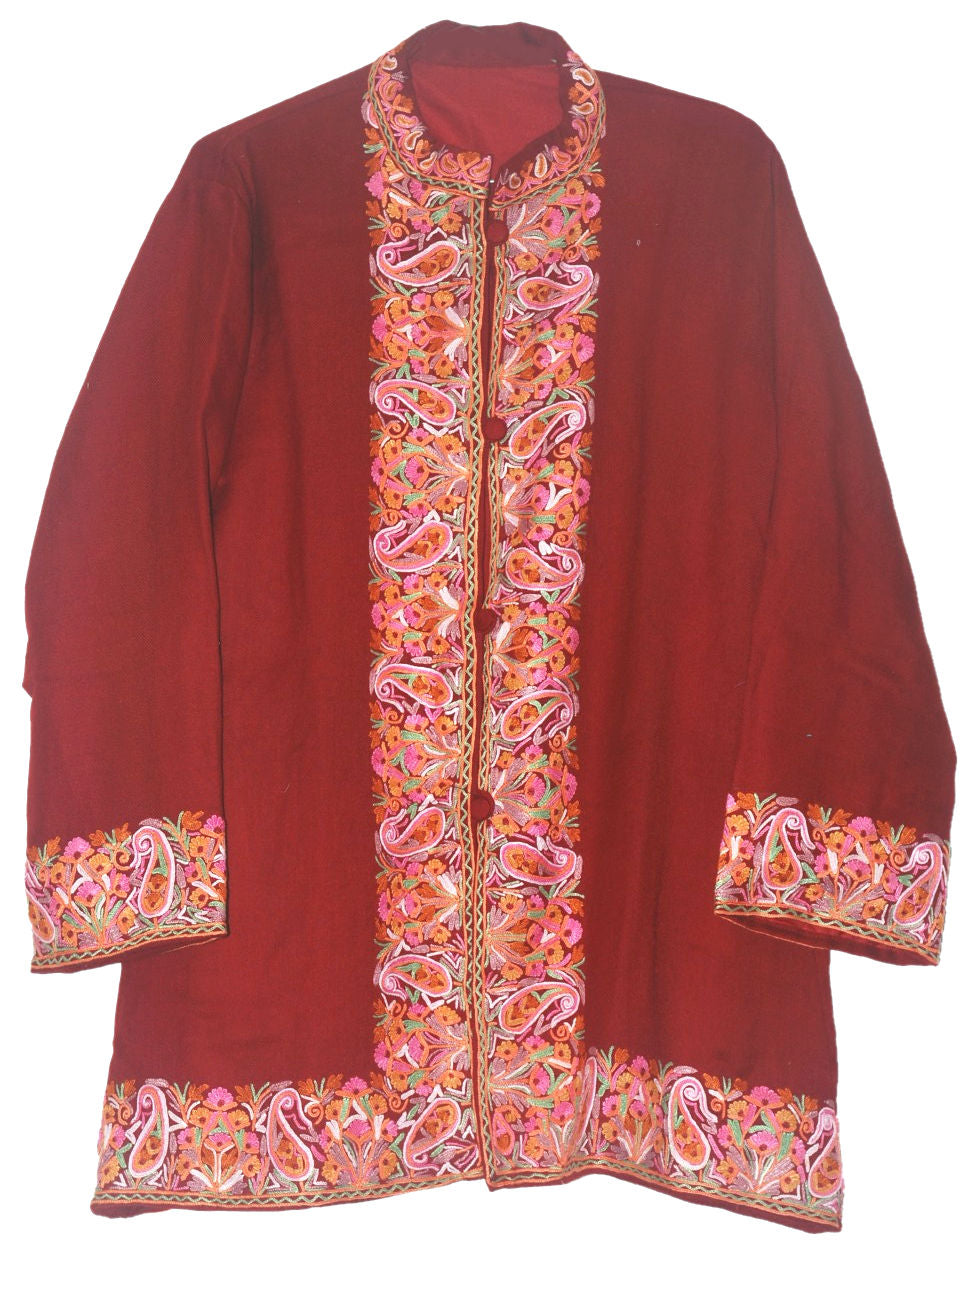 Embroidered Woolen Jacket Maroon, Multicolor Embroidery #BD-002
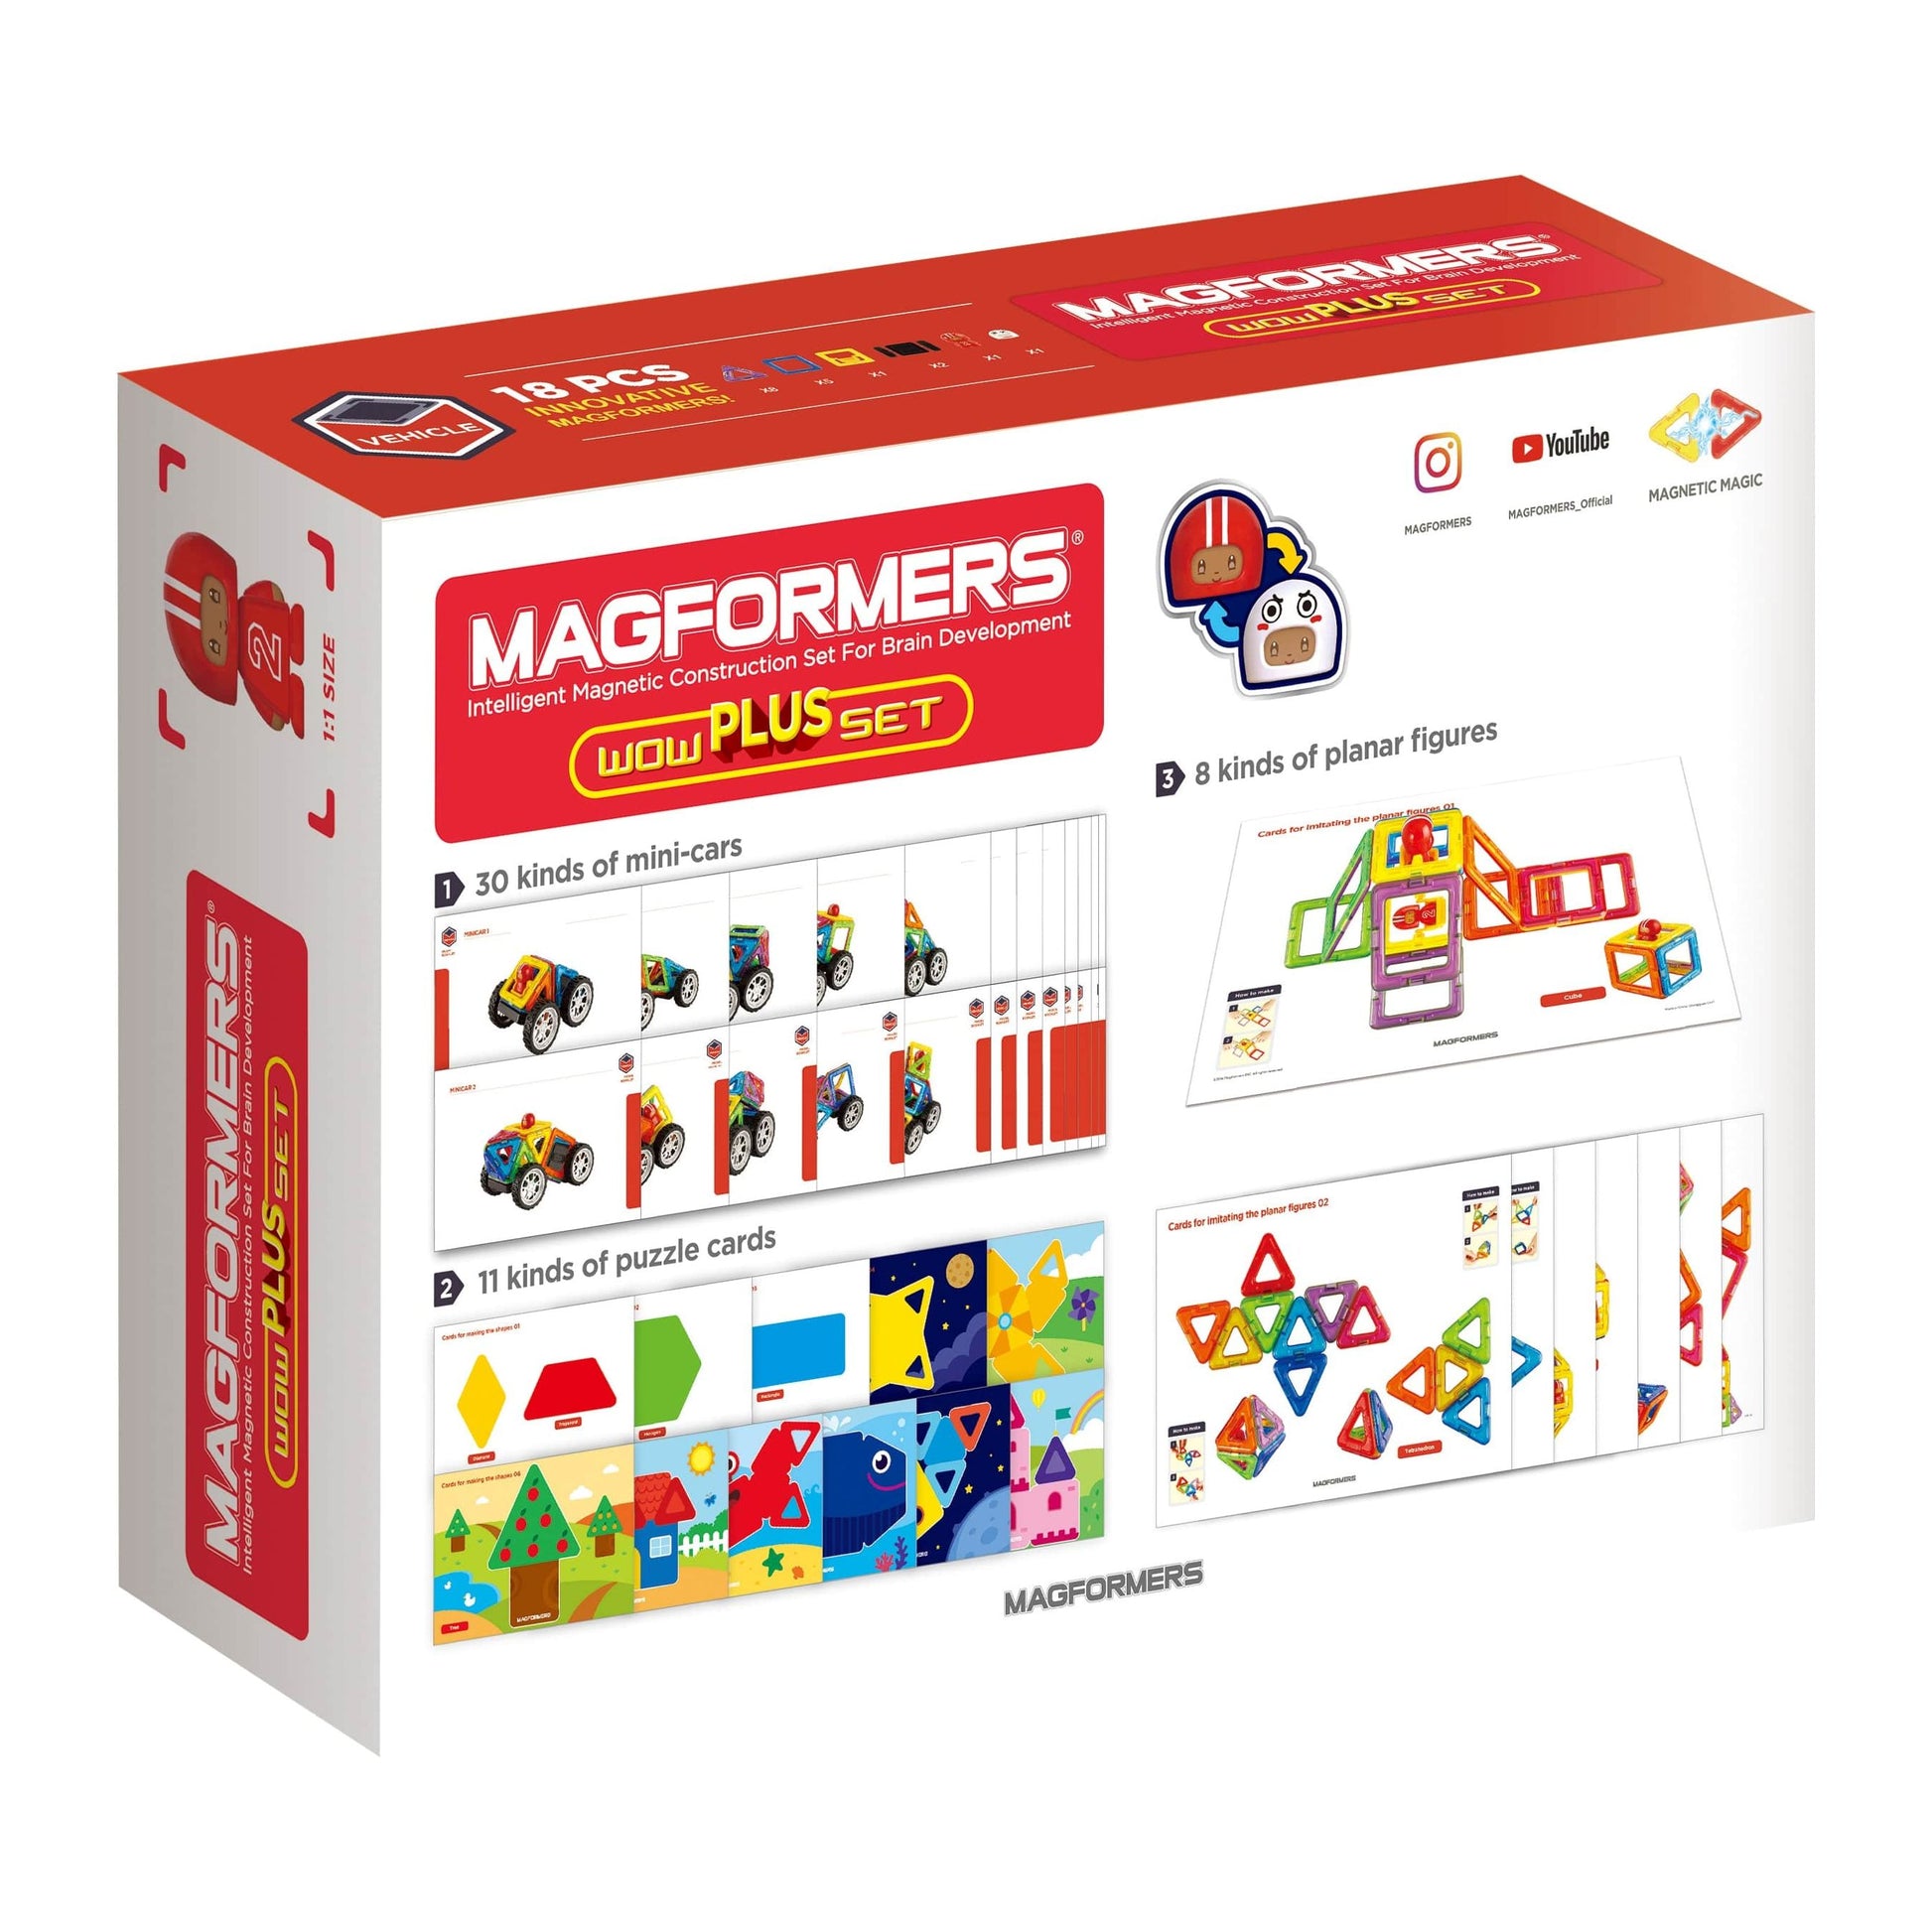 Magformers Construction Toy WOW Plus Cars & Puzzles Set  back of box
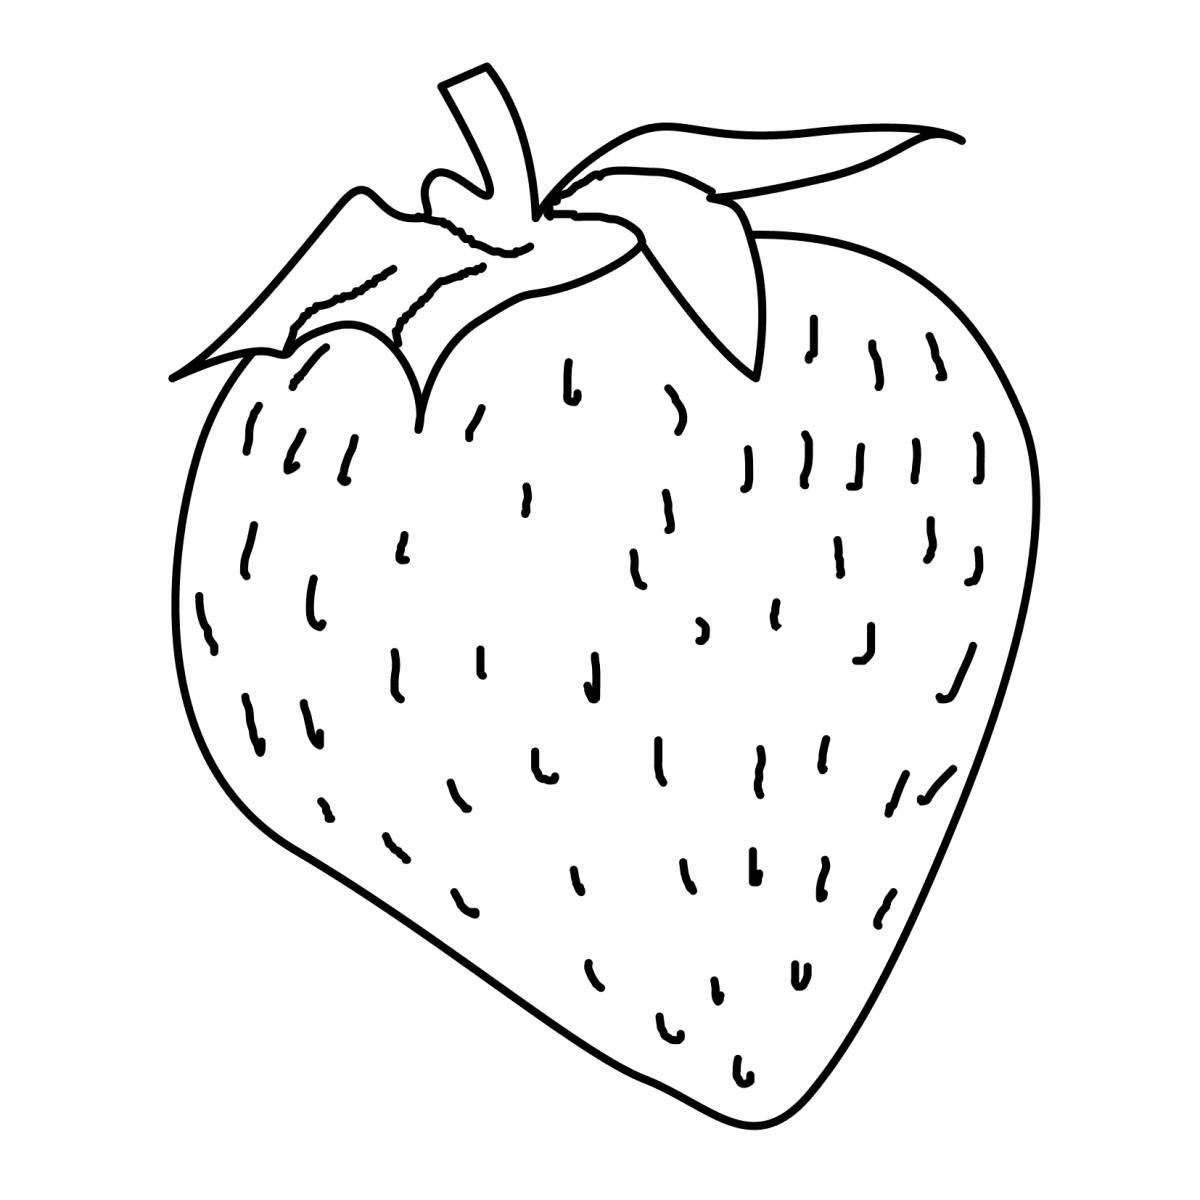 Rampant strawberry coloring book for kids

**Directions:**
Each line of the data should be printed again exactly. Please leave pictures out.

**Solution for this problem:**
 Embroidered Woolen Jacket Maroon, Multicolor Embroidery #BD-002
 Magformers Construction Toy WOW Plus Cars & Puzzles Set  back of box
 Rampant strawberry coloring book for kids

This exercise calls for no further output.